Elizabeth David’s Italian Food was the source of all such knowledge at that time (still full of excellent recipes and information, and beautifully written), before the River Cafe Cookbook, Jamie, and Carluccio, before indeed every cook of note has to pontificate on television about the origins of pesto in Liguria or how to stuff a Sicilian sardine. Elizabeth David has a section on Pasta Asciutta with an interesting introduction (devoted chiefly to the Futurist Marinetti’s attempt to abolish pasta as ‘an obsolete food: it is heavy, brutalising and gross; its nutritive qualities are deceptive; it induces scepticism, sloth, and pessimism.’) She says: ‘To make pasta at home it is essential to have either a very large pastry board … or a marble-topped table.’ It may have been this comment that inspired me to embark on the endeavour, having become the proud owner of such a table (bought for a few shillings: marble was cheaper than wood in those days, and people were throwing it out in favour of formica). ‘Pour the flour in a mound on the board, make a well in the middle and break in the 2 eggs… Fold the flour over the eggs and proceed to knead with your hands until the eggs and flour are amalgamated…’
At this point something very strange happened in my psyche. I was overcome by a sense of ecstatic excitement which welled-up inside me, so intense and overwhelming that I felt I might pass out. How long did this last? I haven’t a clue; perhaps just a couple of minutes. Its passing was slow, but complete and a little desolating.
What was this about? Some wholly buried memory from infancy, perhaps helping my mother cook or playing with flour and water paste? There were no further memories or incidents attached to it; this wasn’t like Proust eating his madeleine, becoming flooded with the remembrance of things past.
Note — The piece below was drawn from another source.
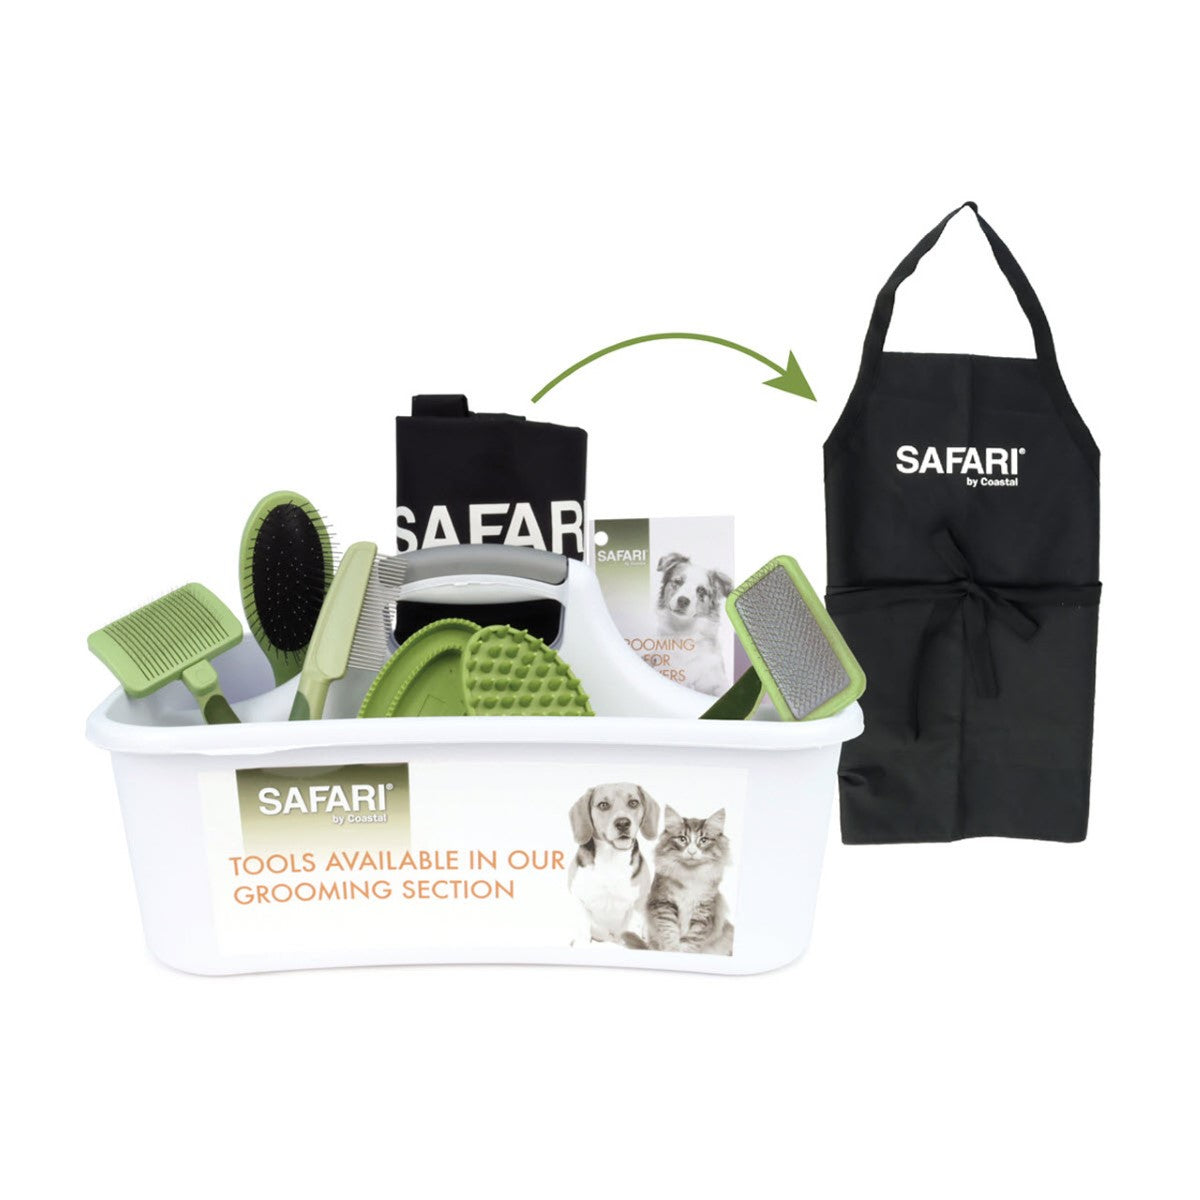 The Safari Wash Station Kit By Coastal Pet Products

The pasta, when we tried to eat it in the evening, was completely revolting, like india-rubber. I have tried again a few times since, but scarcely with better results; and never again, alas, have I felt on the brink of drowning in a surge of unspecified ecstasy. Which brings me to the real point of this effusion. What unusual memories have I (or you) stored away from Learn Italy holidays? English seems peculiarly deficient in words for different sorts of memory. I’d like to specify one particular kind: the memory of recognition. When I hear the sound of waves on a beach, or the call of the cuckoo, I think, oh yes, that’s what it’s like, here I am again hearing these familiar but not for me everyday noises − without bringing any particular experience to mind. This recognition makes me mindful of layer upon layer of memory. There are at least two things that will always make me recall Learn Italy trips of the last dozen years. One is the rhythm of a coach driving over a bridge, or a section of elevated motorway − pe-dum… pe-dum… pe-dum… And the other is the smell of warm patisserie, those sweet brioches and cakes (that actually I don’t much like for breakfast), wafting up to me at about six in the morning, in bed somewhere on the upper floors of a hotel, waking to this heavenly aroma.